Work to be completed: An exact copy of the entries, with every picture omitted, is what is needed here.

Records from a collection:
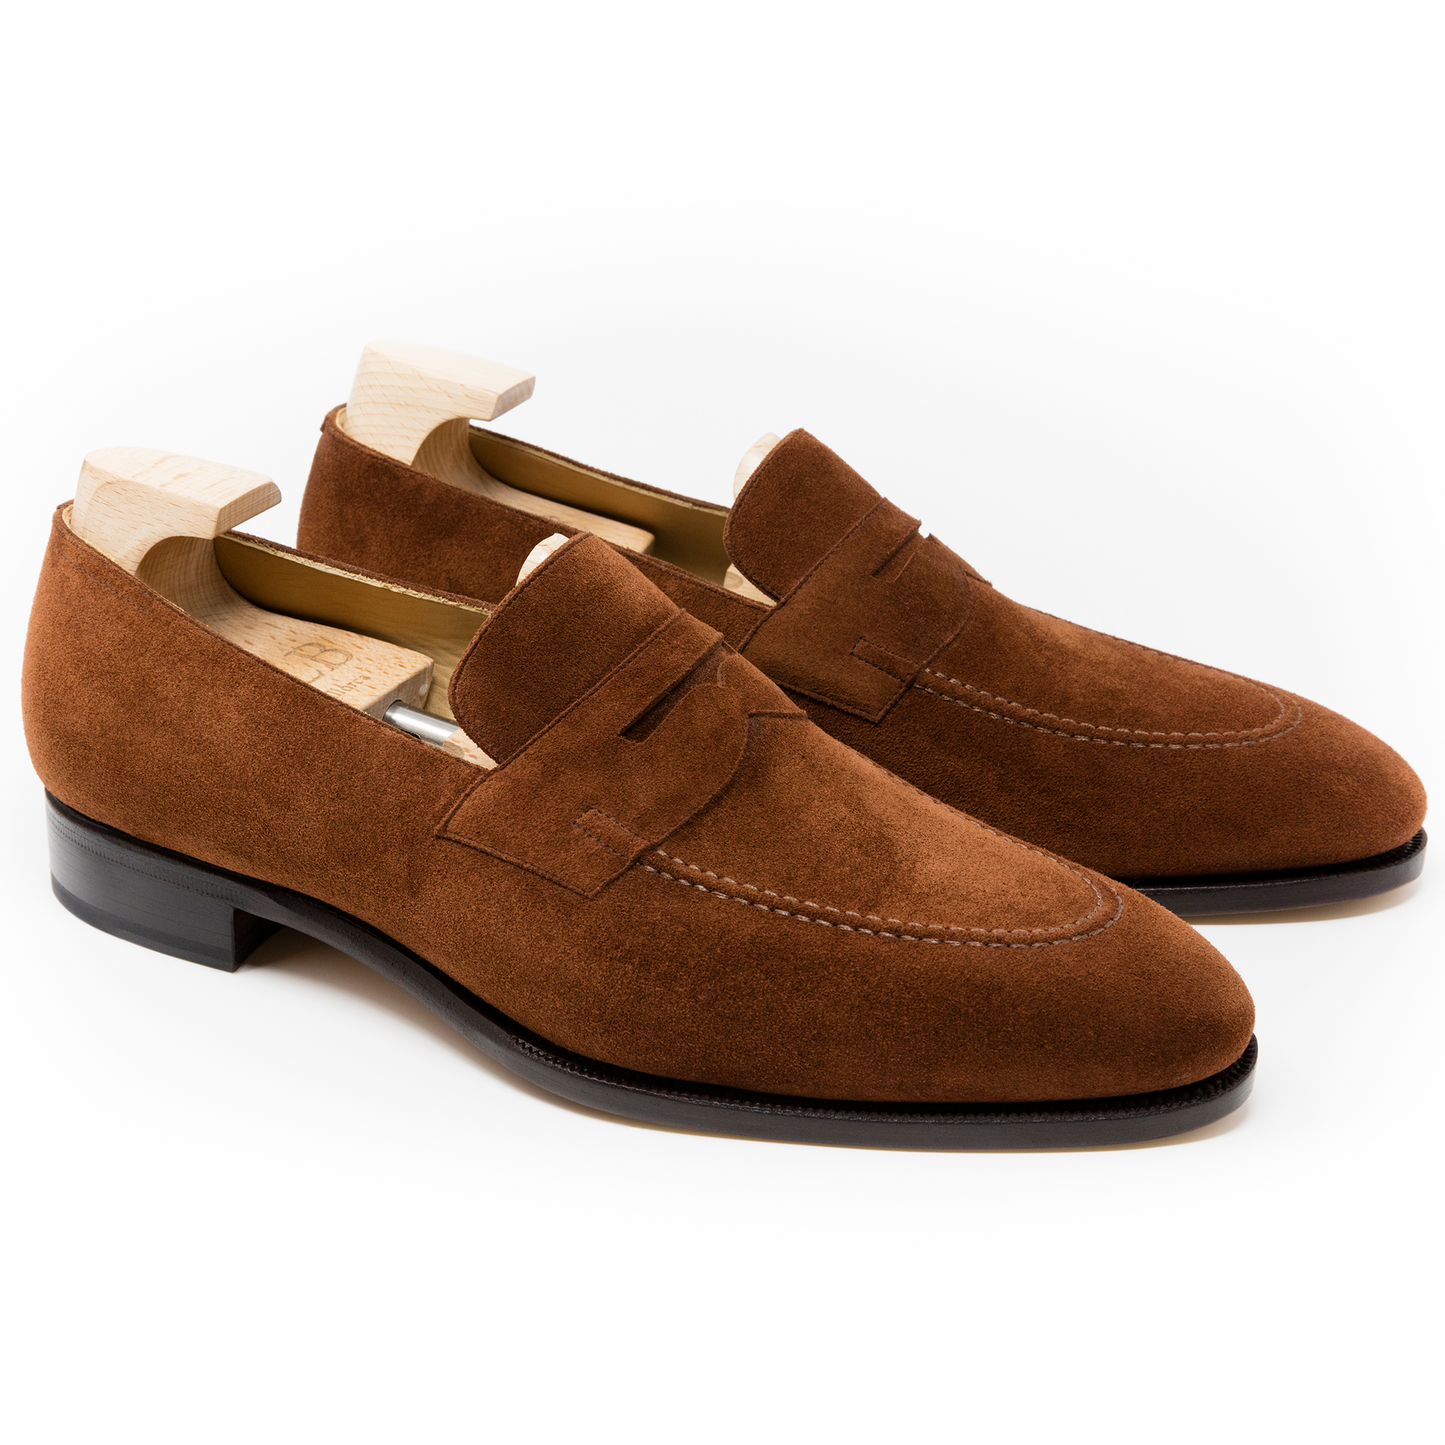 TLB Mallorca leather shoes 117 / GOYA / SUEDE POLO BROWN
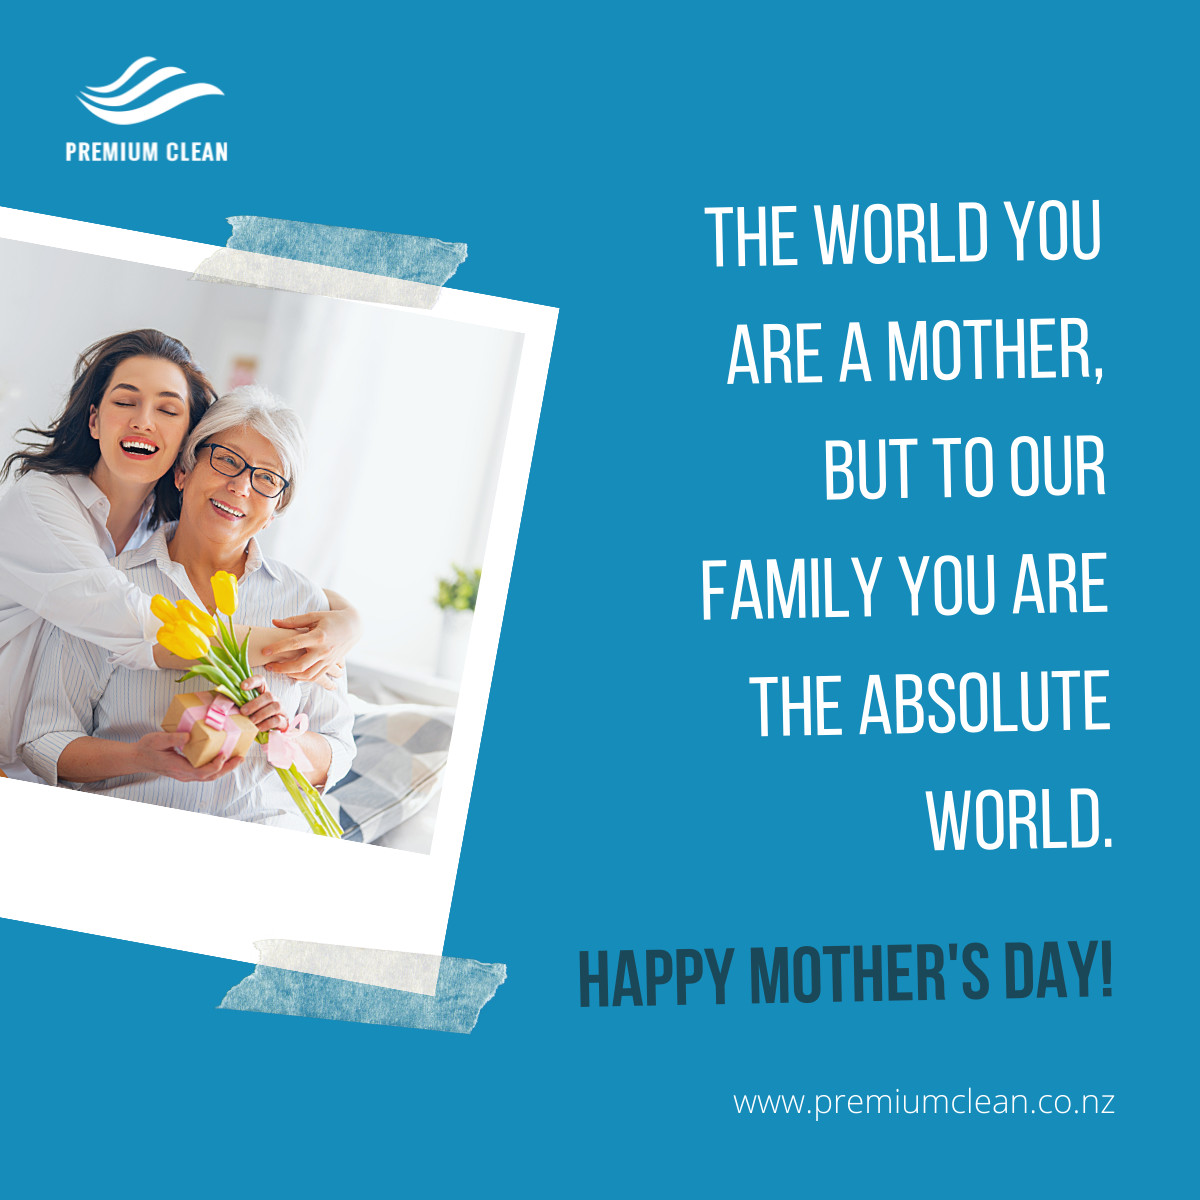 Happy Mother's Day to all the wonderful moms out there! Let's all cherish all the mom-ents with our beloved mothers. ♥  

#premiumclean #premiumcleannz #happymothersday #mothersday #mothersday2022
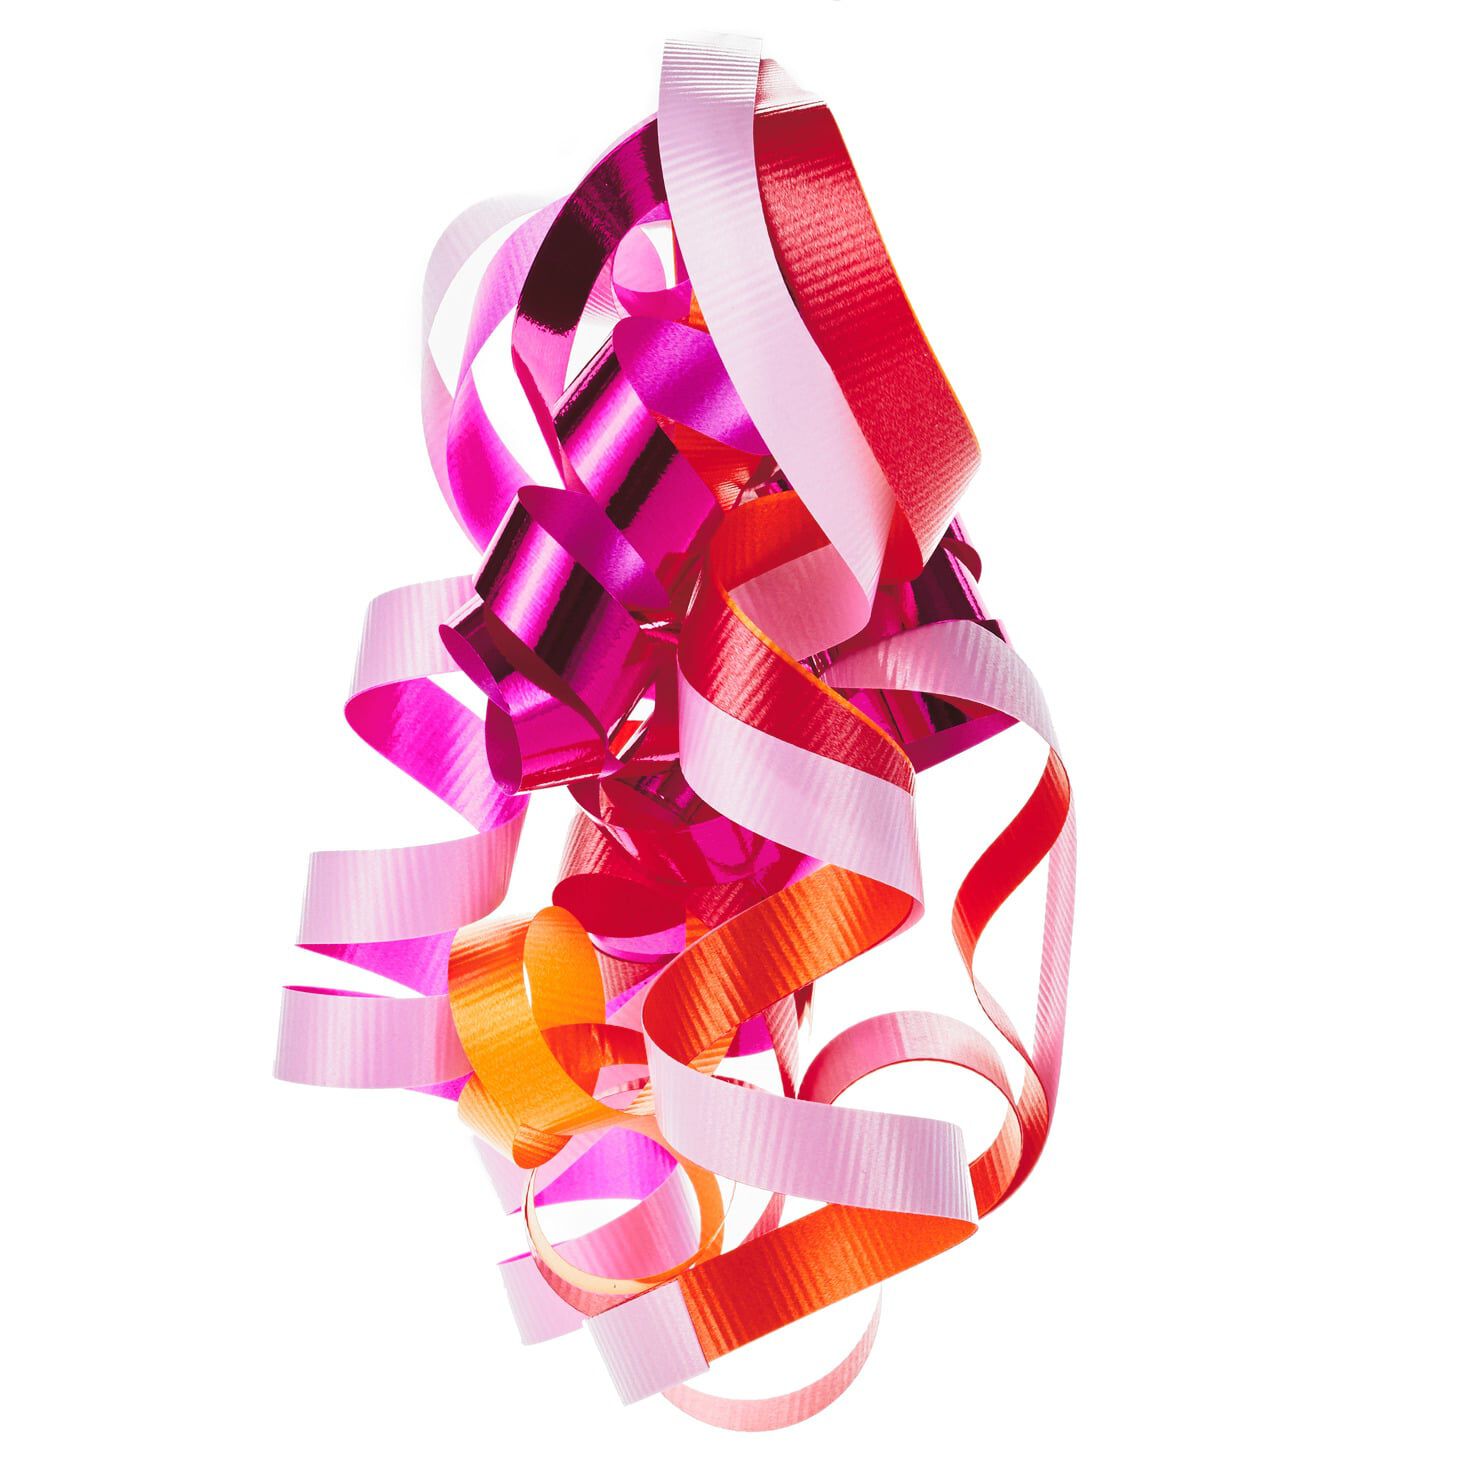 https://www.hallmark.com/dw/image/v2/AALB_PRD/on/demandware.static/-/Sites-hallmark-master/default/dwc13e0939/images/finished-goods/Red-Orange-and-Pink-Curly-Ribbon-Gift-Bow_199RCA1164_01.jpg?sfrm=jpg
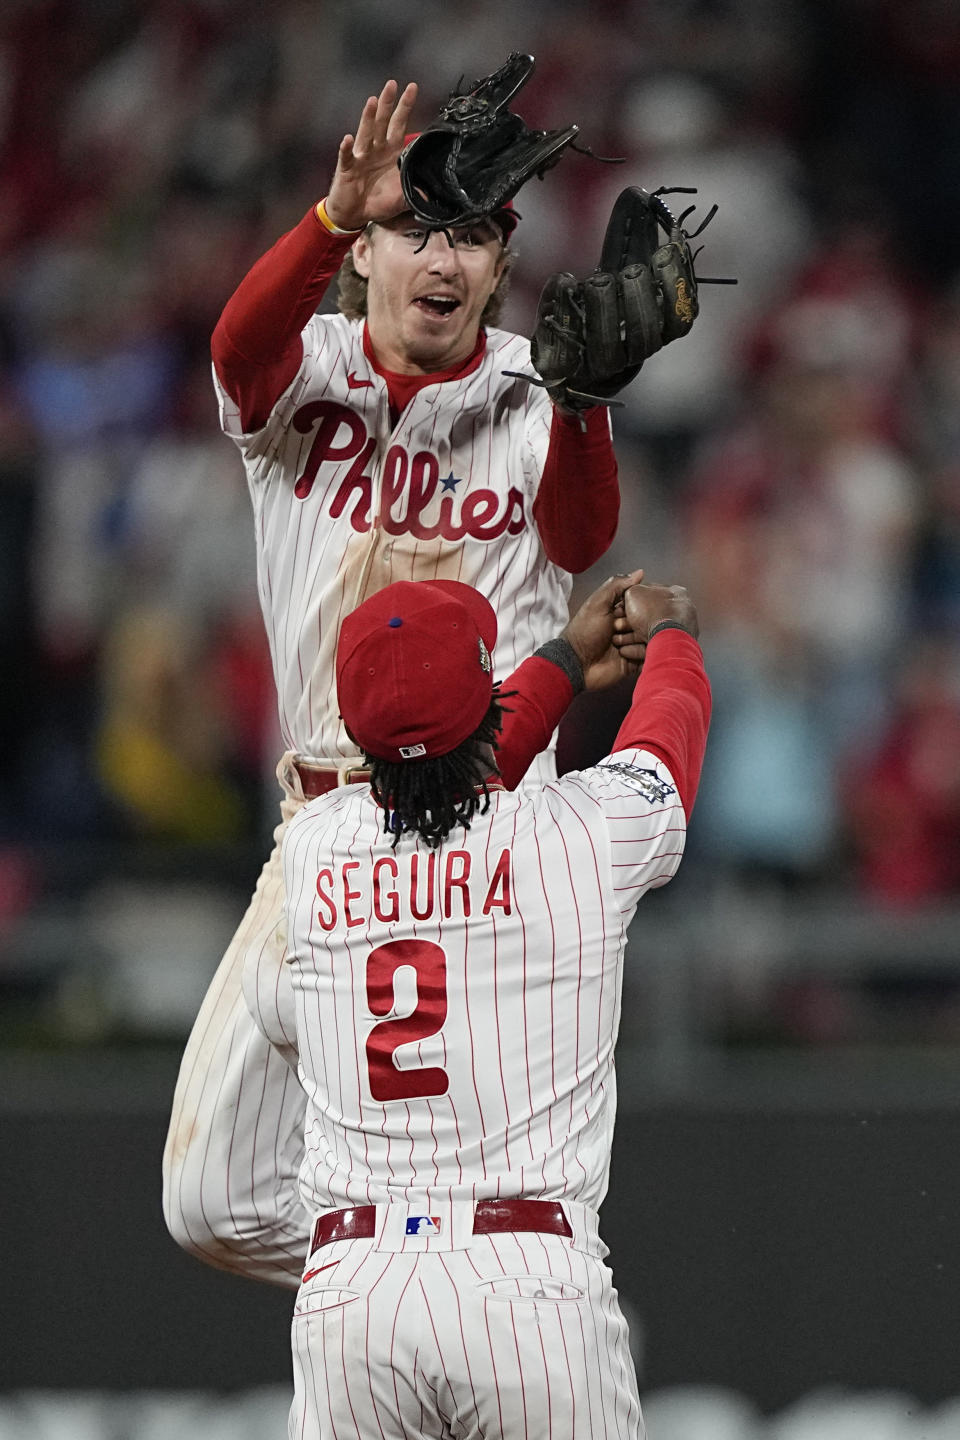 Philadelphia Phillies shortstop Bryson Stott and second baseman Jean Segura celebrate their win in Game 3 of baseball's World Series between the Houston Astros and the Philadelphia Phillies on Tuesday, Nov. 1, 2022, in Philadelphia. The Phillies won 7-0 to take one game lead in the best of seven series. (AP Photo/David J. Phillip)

Answer box:
 TLB Mallorca leather shoes 117 / GOYA / SUEDE POLO BROWN
 Happy Mother's Day to all the wonderful moms out there! Let's all cherish all the mom-ents with our beloved mothers. ♥  

#premiumclean #premiumcleannz #happymothersday #mothersday #mothersday2022
 https://www.hallmark.com/dw/image/v2/AALB_PRD/on/demandware.static/-/Sites-hallmark-master/default/dwc13e0939/images/finished-goods/Red-Orange-and-Pink-Curly-Ribbon-Gift-Bow_199RCA1164_01.jpg?sfrm=jpg
 Philadelphia Phillies shortstop Bryson Stott and second baseman Jean Segura celebrate their win in Game 3 of baseball's World Series between the Houston Astros and the Philadelphia Phillies on Tuesday, Nov. 1, 2022, in Philadelphia. The Phillies won 7-0 to take one game lead in the best of seven series. (AP Photo/David J. Phillip)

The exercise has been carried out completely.